A moça queria continuar falando. Eu a incentivei com o olhar, levada pela curiosidade daquele caso inusitado. Escutei com atenção o desfecho:
- Quando nasceu meu último irmão, apareceu lá na roça um médico que fazia um trabalho para o governo. Ele esteve em nossa casa e na vizinhança com muitas perguntas. Foi quando eu fiquei sabendo, pelo que o pai contou ao doutor, que com minha avó materna tinha acontecido a mesma coisa. Diante disso, o pai foi avisado de que a mãe não podia ter mais filhos. E que ainda bem que tinha nascido só eu de mulher. No meio das explicações falou uma palavra difícil - hereditariedade. Pelo que entendi, uma coisa que a mãe tinha herdado da avó e poderia passar às filhas que viesse a ter. Não era certeza, mas poderia acontecer.
Naquele momento percebi a angústia que pairava nos olhos da jovem. Eu não queria ser direta, achei que seria indelicado ou até cruel lhe perguntar qualquer coisa sobre gestação. Mas ela se adiantou e pareceu adivinhar meu pensamento, enquanto acarinhava a própria barriga.

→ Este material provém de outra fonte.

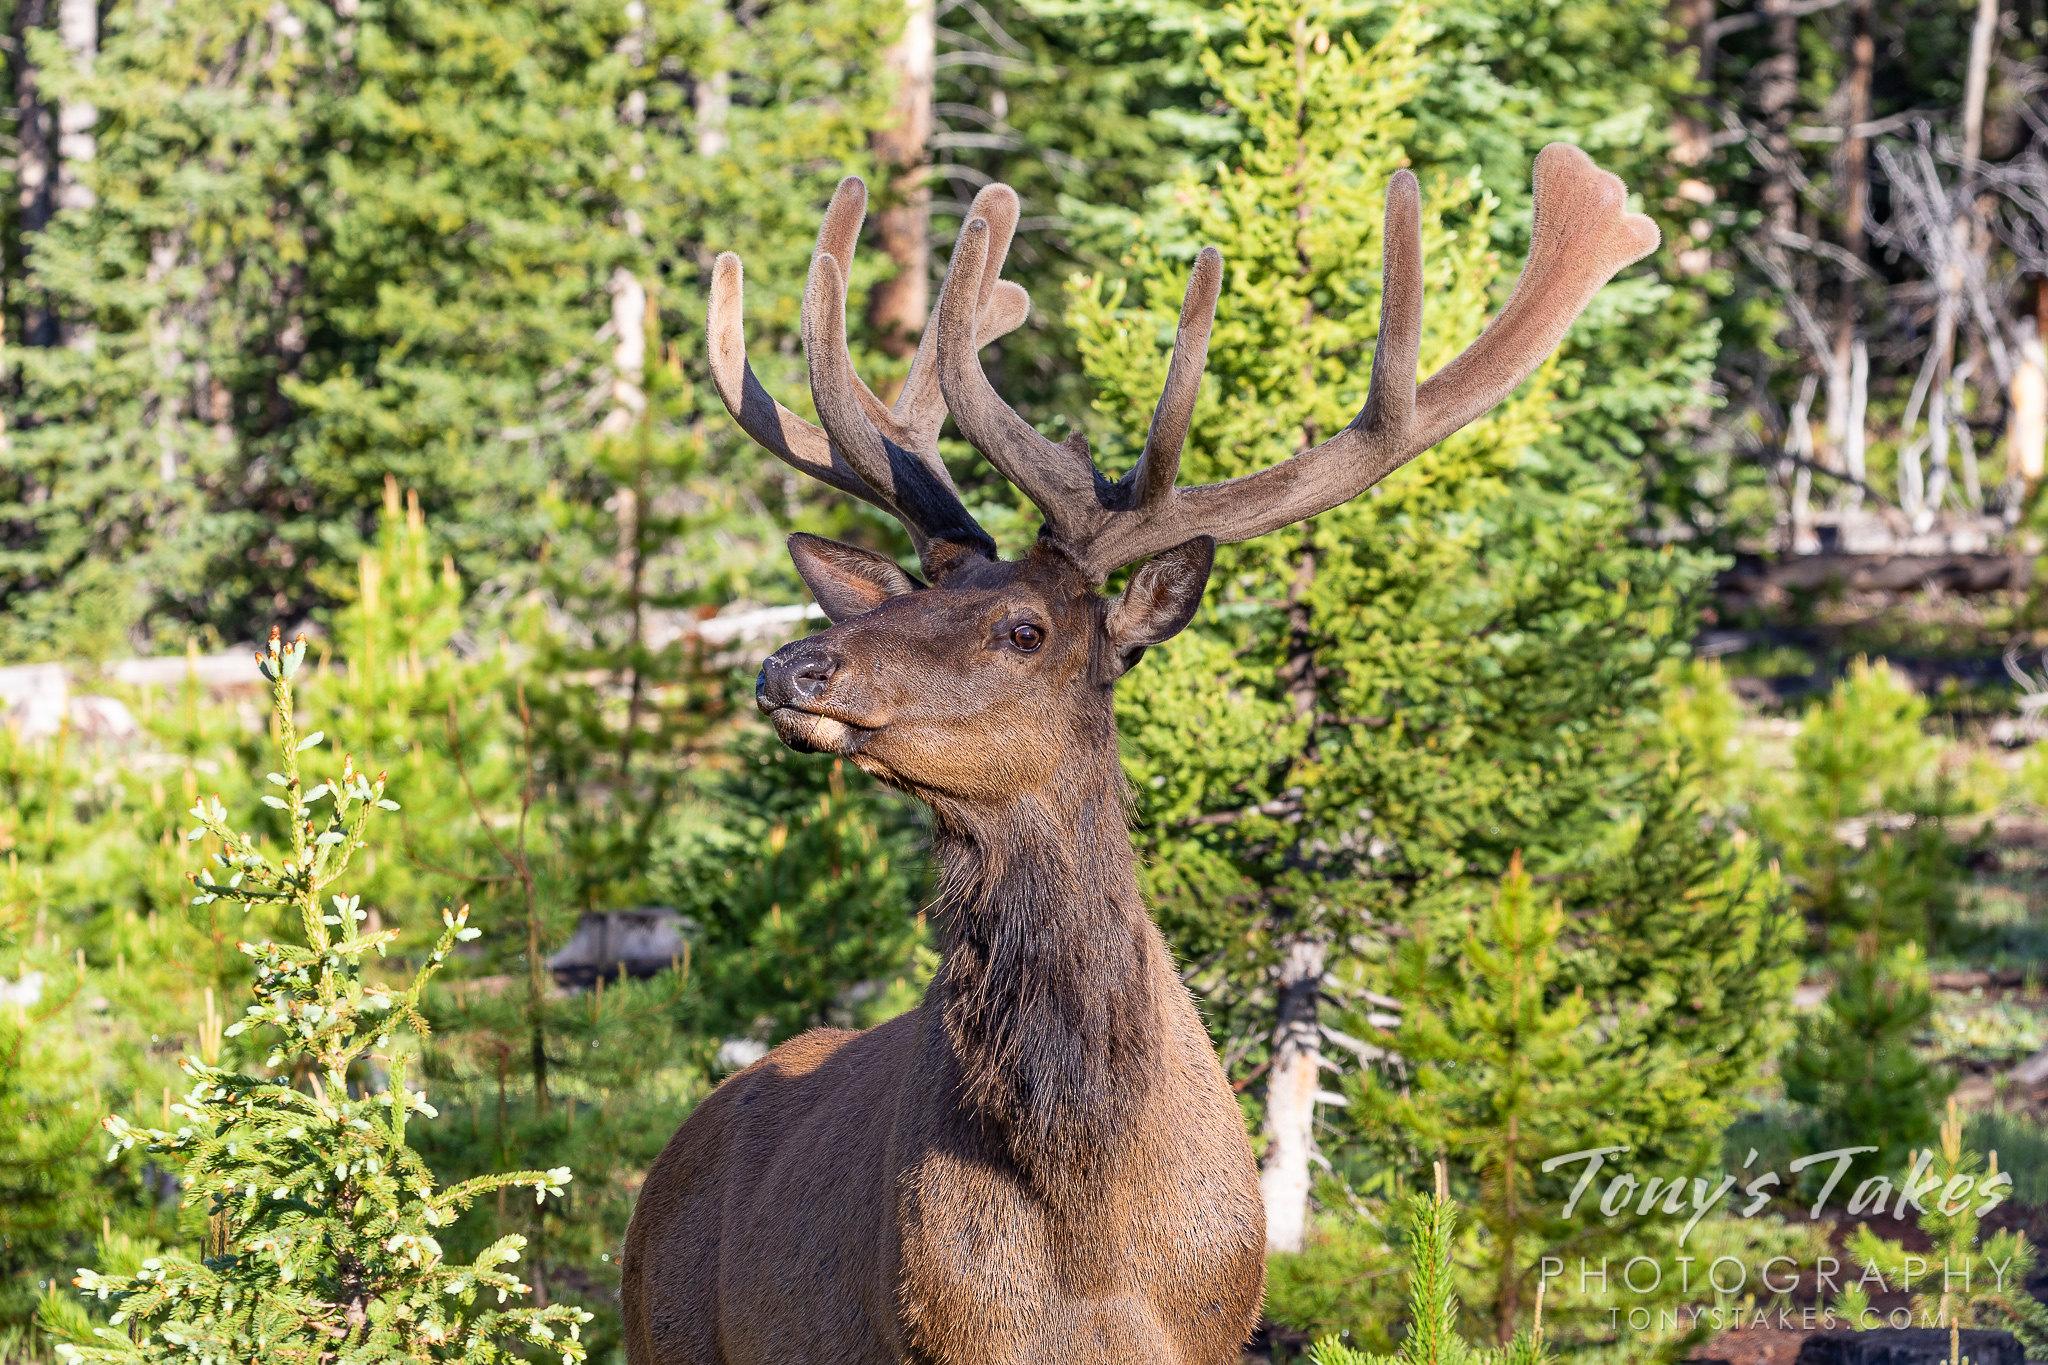 Elk bull gives the photographer the side-eye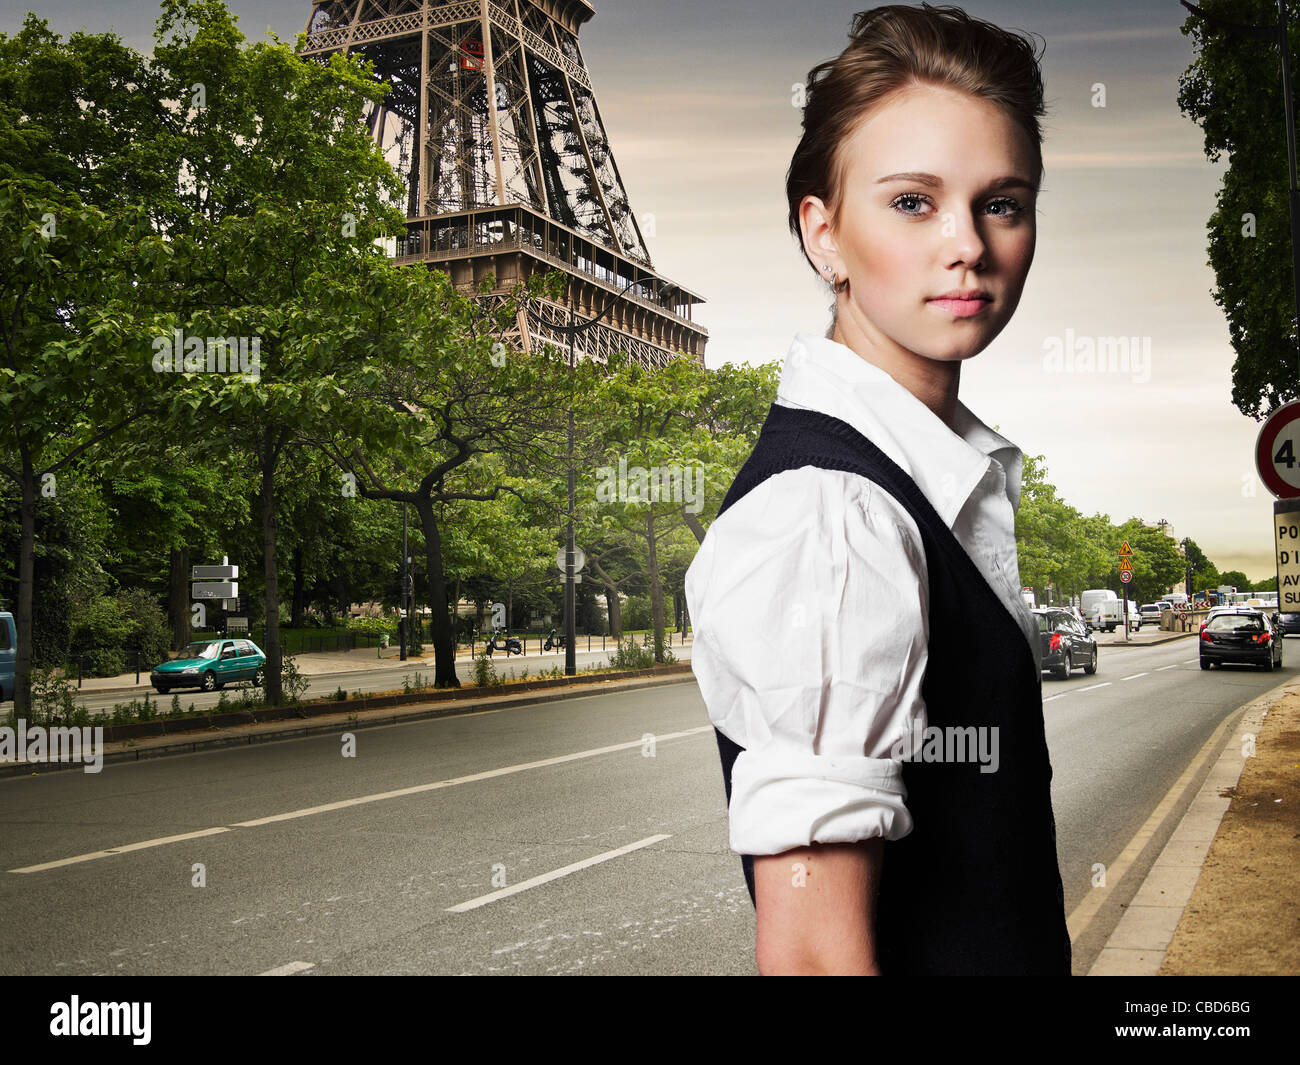 Woman walking on city street - Stock Photo

- É o meu primeiro, sabe? Estou muito preocupada. Nunca quis me casar para não ter filho. Mas quem disse que é preciso casar para engravidar, não é? Sorrimos ambas, com malícia.
Nesse instante a secretária chamou por ela - “Maria Magdalena Silva, pode entrar.”
Ela se levantou a custo, a barriga de uns 7 meses sungou seu vestido na frente. Pegou a bolsa, colocou a tiracolo e me estendeu a mão com um sorriso tímido e um “muito prazer”. Caminhou na direção da porta onde a médica a esperava. Nem deu tempo de eu lhe desejar uma boa hora e que Nossa Senhora do Bom Parto a protegesse.
Sonia Machiavelli é professora, jornalista, escritora; membro da Academia Francana de Letras.